The Art of Living Foundation has some 40,000 volunteer teachers worldwide. Jian, who received a teaching certification from the organization in February 2009, began teaching classes in May and has trained 500-600 students to date. She says the changes she sees in their lives are what motivate her to keep teaching.
Jian says that students gain different things from the process of learning Su-dar-shan Kriya. Some find their bodies purified, while others undergo changes in their thinking. Some weep in class, while others laugh, and still others have no obvious reaction, but everyone feels an emotional stirring and sense of release.
According to Chen Chih-kuang, a doctor of TCM, both laughter and tears are completely normal reactions. He says that the lacrimal glands are closely connected to the sympathetic and parasympathetic nervous systems, and that TCM also links the seven emotions and six appetites to the five viscera and six bowels. Learning the breathing exercises stimulates the autonomic nervous system, affecting the five viscera and six bowels, and thus the emotions.
Even more interesting is that the practice of Sudarshan Kriya leads to the release and expulsion from the body of heavy metals, toxins, and pigments that accumulate in the nervous system.
Chen's own experience with steel pellets provides a fascinating example.
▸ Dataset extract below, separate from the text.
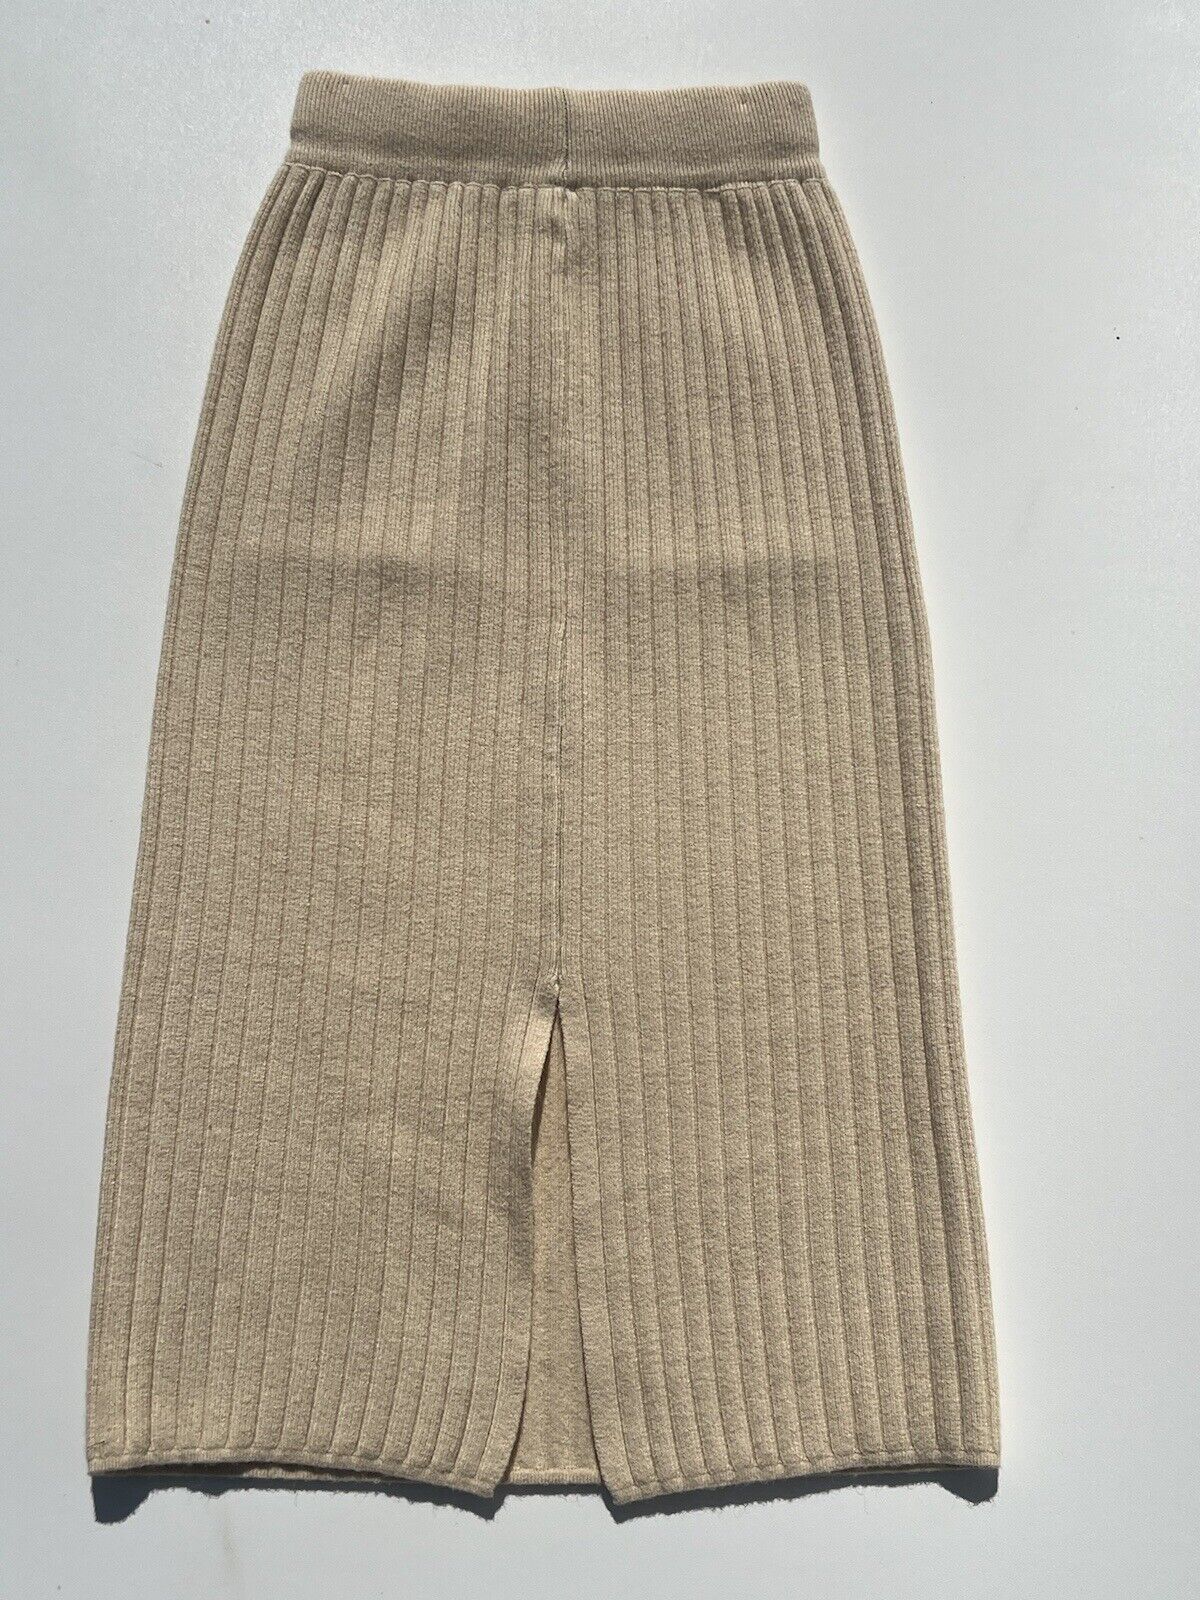 Alexander McQueen Pencil Skirt in Beige- X Small - image 13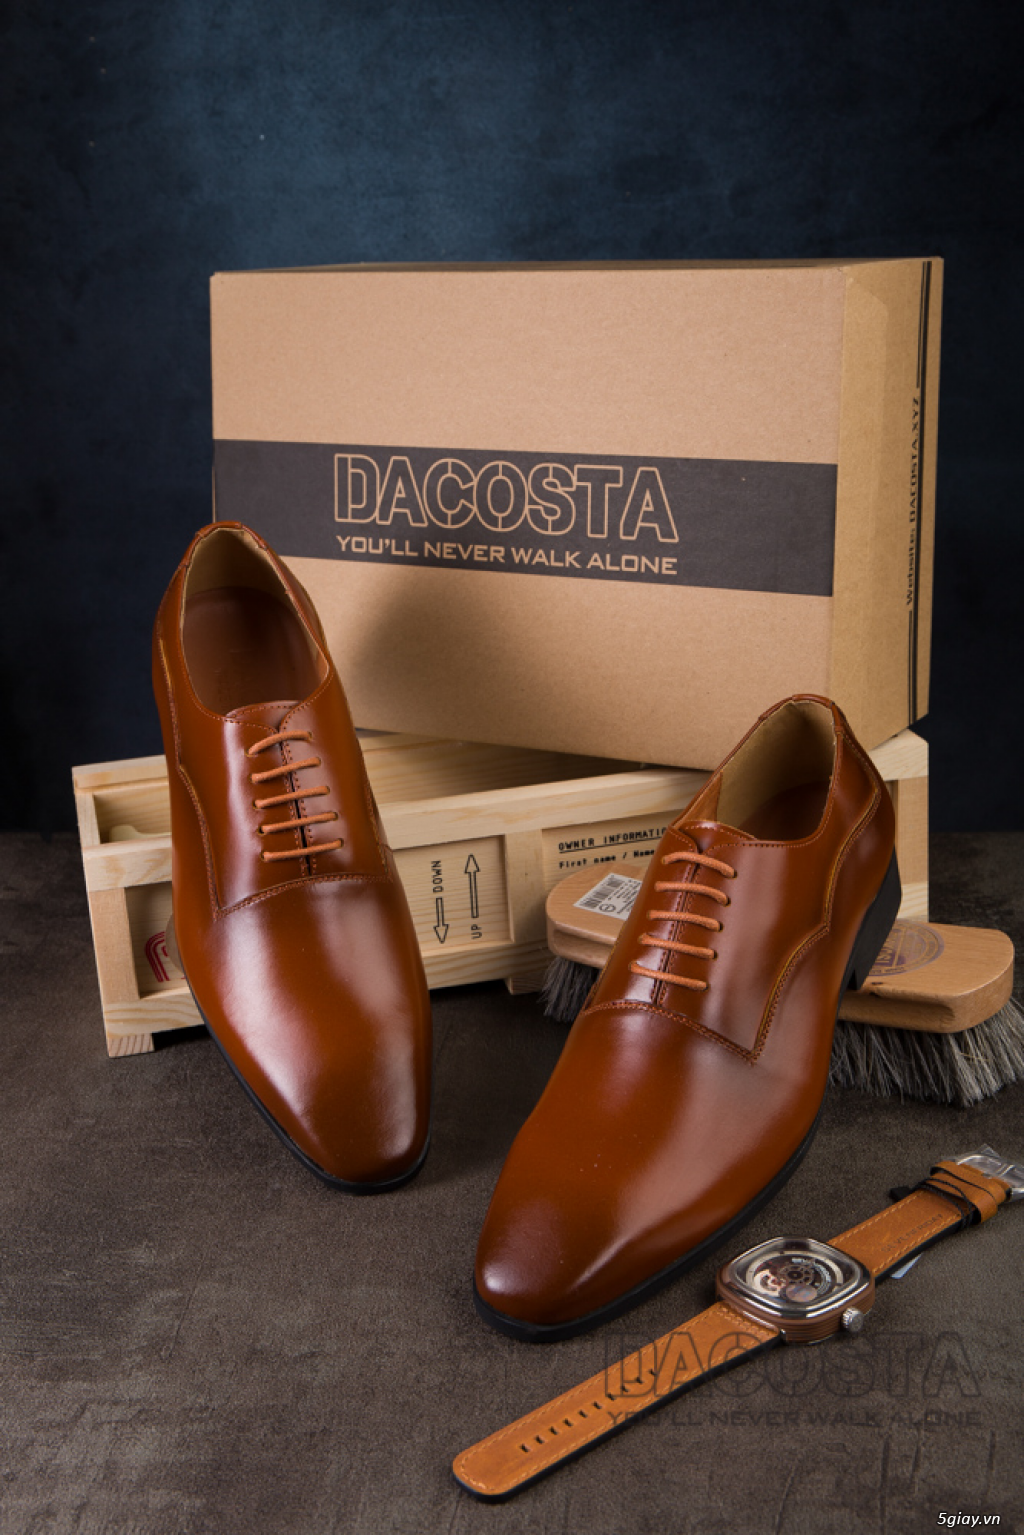 Tiệm Giày Dacosta - Những Mẫu Giày Tây Oxford Hot Nhất 2019 - 1

Chen, a martial artist who has also won individual awards in Taiji and sword performances from the Beijing Martial Arts Research Society and from national martial arts competitions in China, has been practicing Iron Fist kungfu for the last four or five years. Training in this martial art includes striking bags of steel pellets with the hands. When Chen began a Sudarshan Kriya class in Miaoli in November of 2009, he noticed that the insides of his elbows were exuding a fine black powder. He wiped it off, but it kept returning. He later realized that his practice of Iron Fist had allowed steel from the pellets to get under his skin and pass through his body along his meridians. He concluded that his practice of Sudarshan Kriya was causing his body to expel this steel. Chen has since become a Sudarshan Kriya volunteer, providing students with TCM consultations and services whenever Jian Li-wan conducts a class.
Breathing classes at exercise studios may be expensive (a beginner's Su-dar-shan Kriya class runs about NT$7,000 for new students), but its principles are easy to grasp: inhale, exhale, focus your mind, and make yourself calm. As your body exchanges CO2 for oxygen, you connect with yourself, learn to "let go," and let joy and serenity arise naturally from within. That's the secret of breathing and the essence of life. Why not give it a try!